To help himself cope with angst, Wallander goes to stay in Skagen, on the tip of Denmark's Jutland. Valuing solitude, he is somewhat annoyed to have a visitor from Ystad, Sten Torstensson, a quiet-living solicitor with whom he used occasionally to go sailing. Torstensson has sought him out because he is worried: his father, senior member of the partnership, has died in what has been officially pronounced a car accident, just outside the sequestered Farnholm Castle. But Torstensson is convinced that it was no accident.

While Wallander forces himself to express sympathy, he refuses to get interested, let alone involved. He has decided to resign from the police force; cases like this belong to his traumatic past. But when he returns to Ystad, he learns that Torstensson has been killed - shot in his office. All thoughts of resignation evaporate; anomie and depression give way to determination to discover why this father and son died, and also to penetrate, during weather appropriately dominated by fog, the huge Farnholm-quartered multinational that surely connects up with the double tragedy.

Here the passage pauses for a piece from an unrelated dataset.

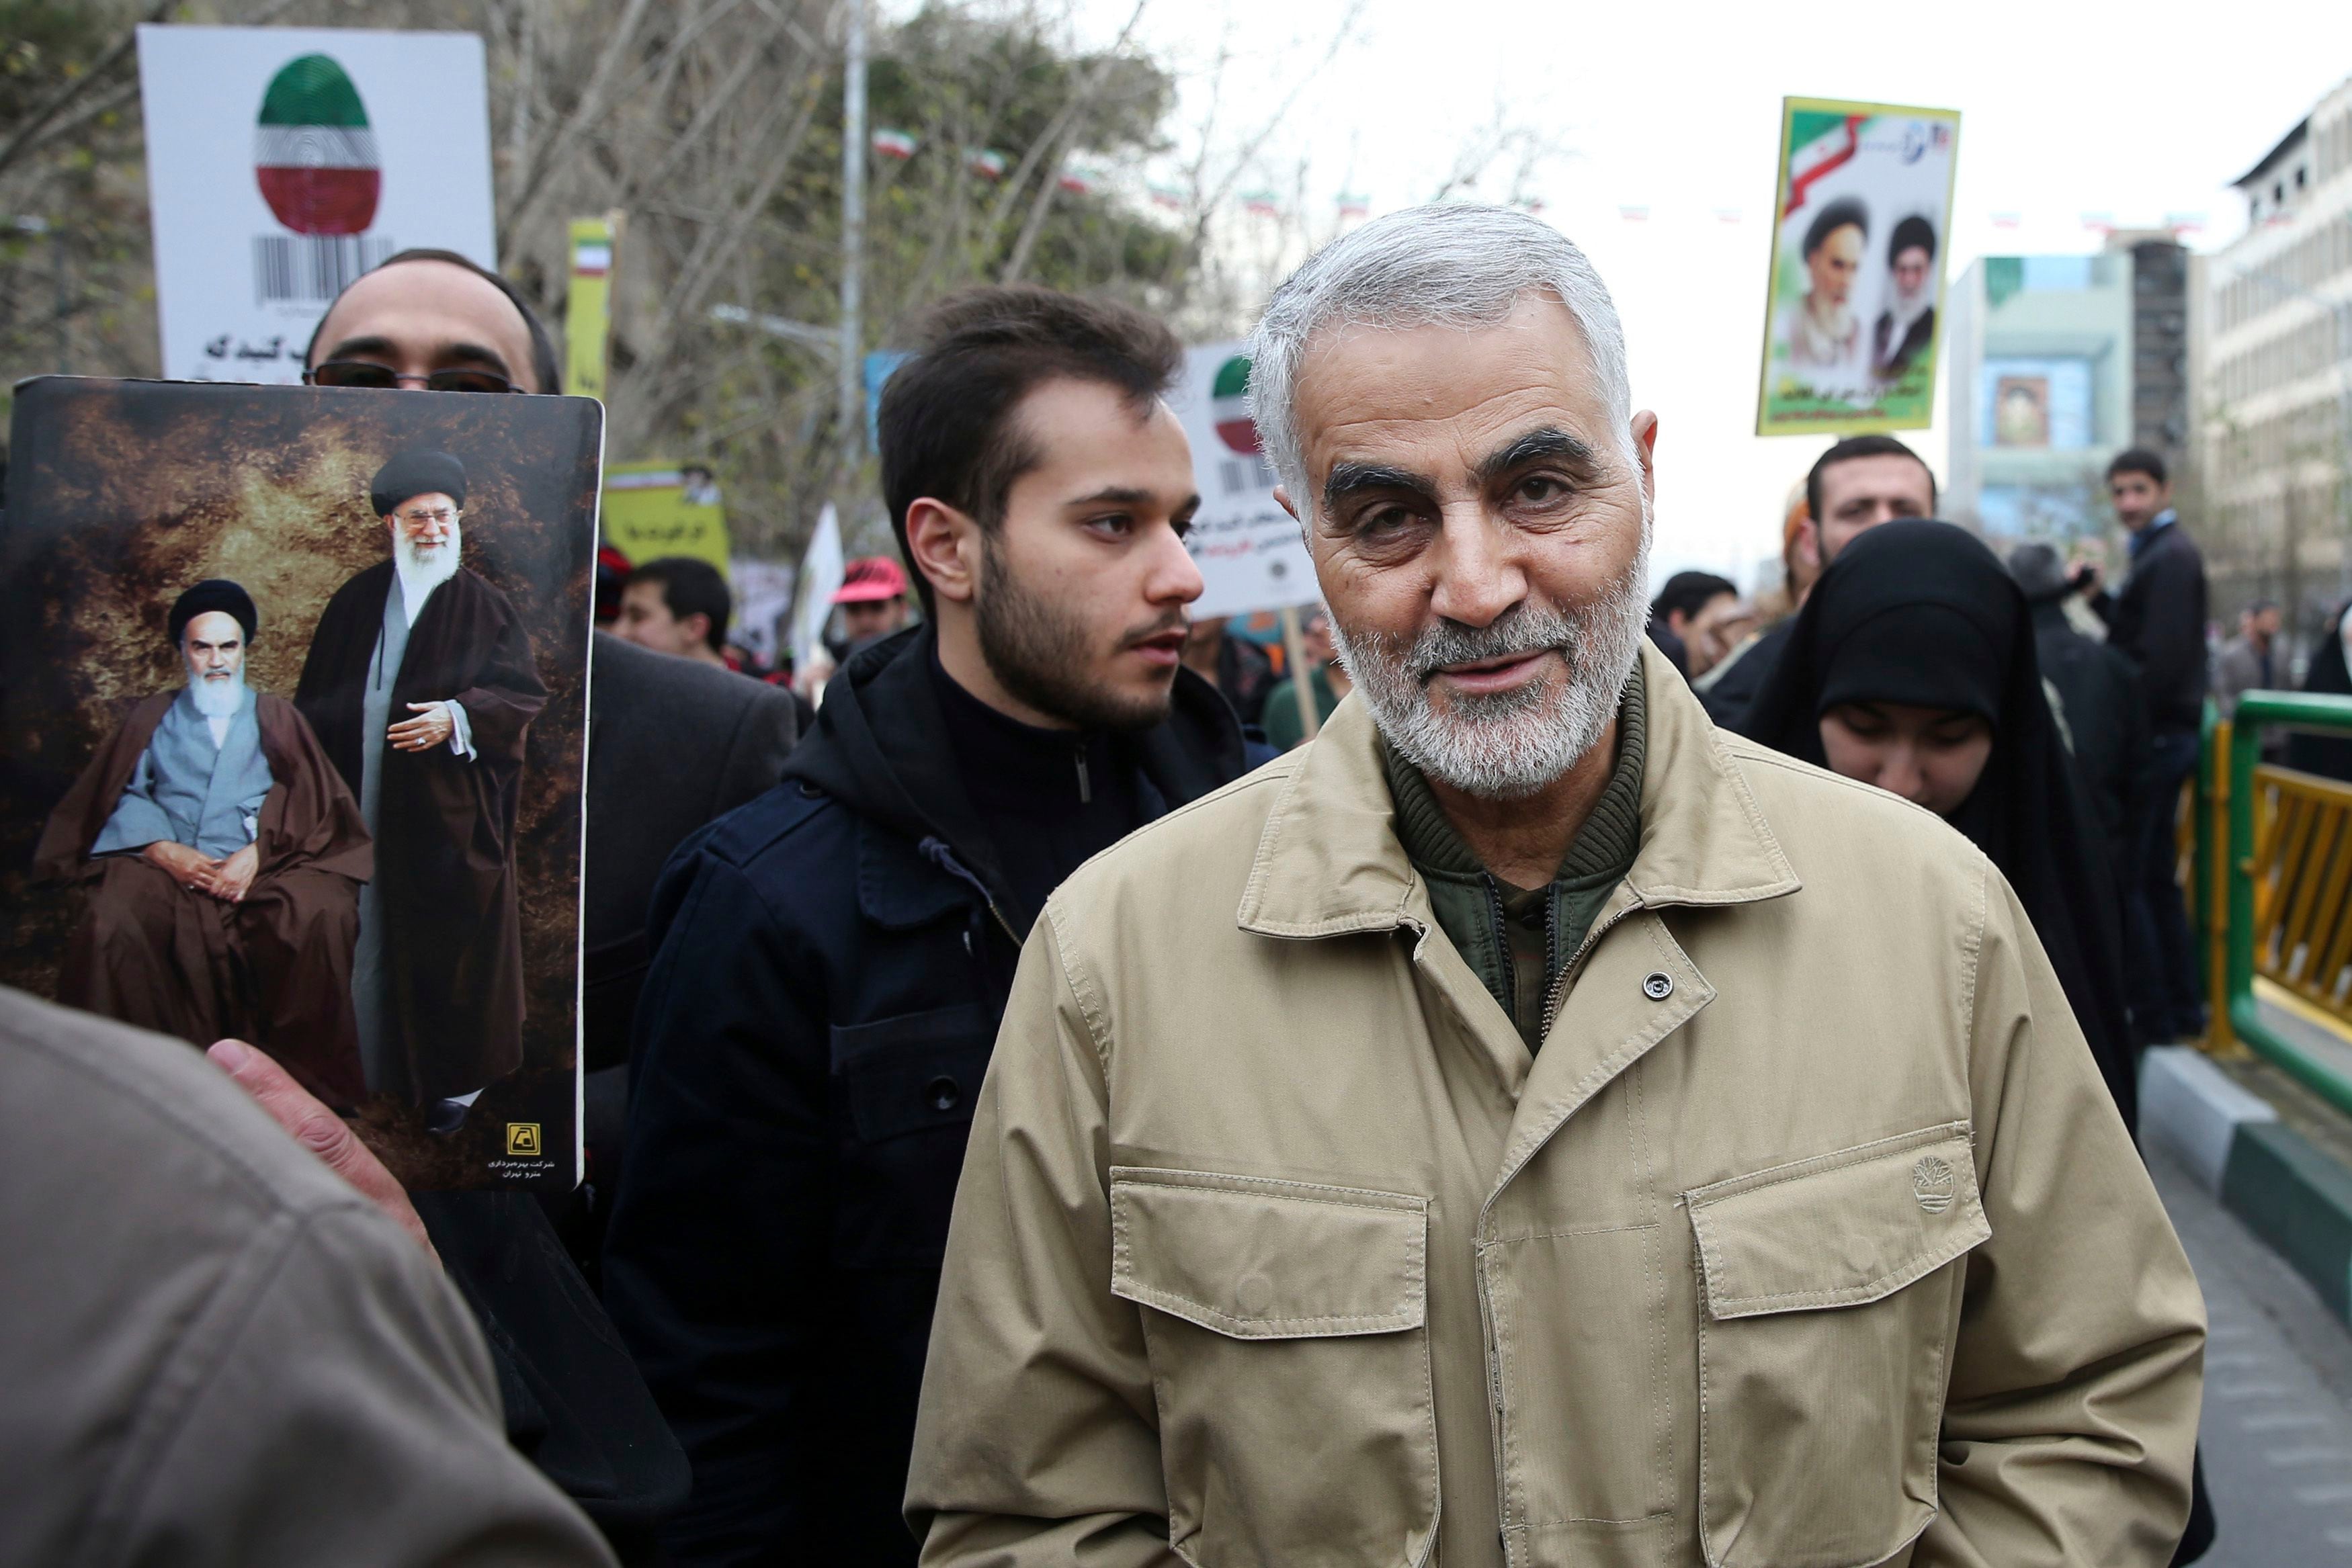 ARCHIVO - En esta fotografía del 11 de febrero de 2016, Qassem Soleimani, comandante de la Fuerza Quds de la Guardia Revolucionaria de Irán, asiste a un evento en Teherán. (AP Foto/Ebrahim Noroozi, Archivo)

The Man Who Smiled has in its art much in common with other Mankell novels. Its opening chapter gives readers a privileged but partial view of the seminal event. We move over to Wallander at a point before his professional (and personal) enmeshment in the affair. This is, here as elsewhere, just a bit of a cheat, since we are given information that the methodology of the novel proper - scrupulously following both police procedure and Wallander's arduous cerebrations - would otherwise block. Yet without such knowledge our emotional engagement would be the less, as would our admiration for Wallander's deductions.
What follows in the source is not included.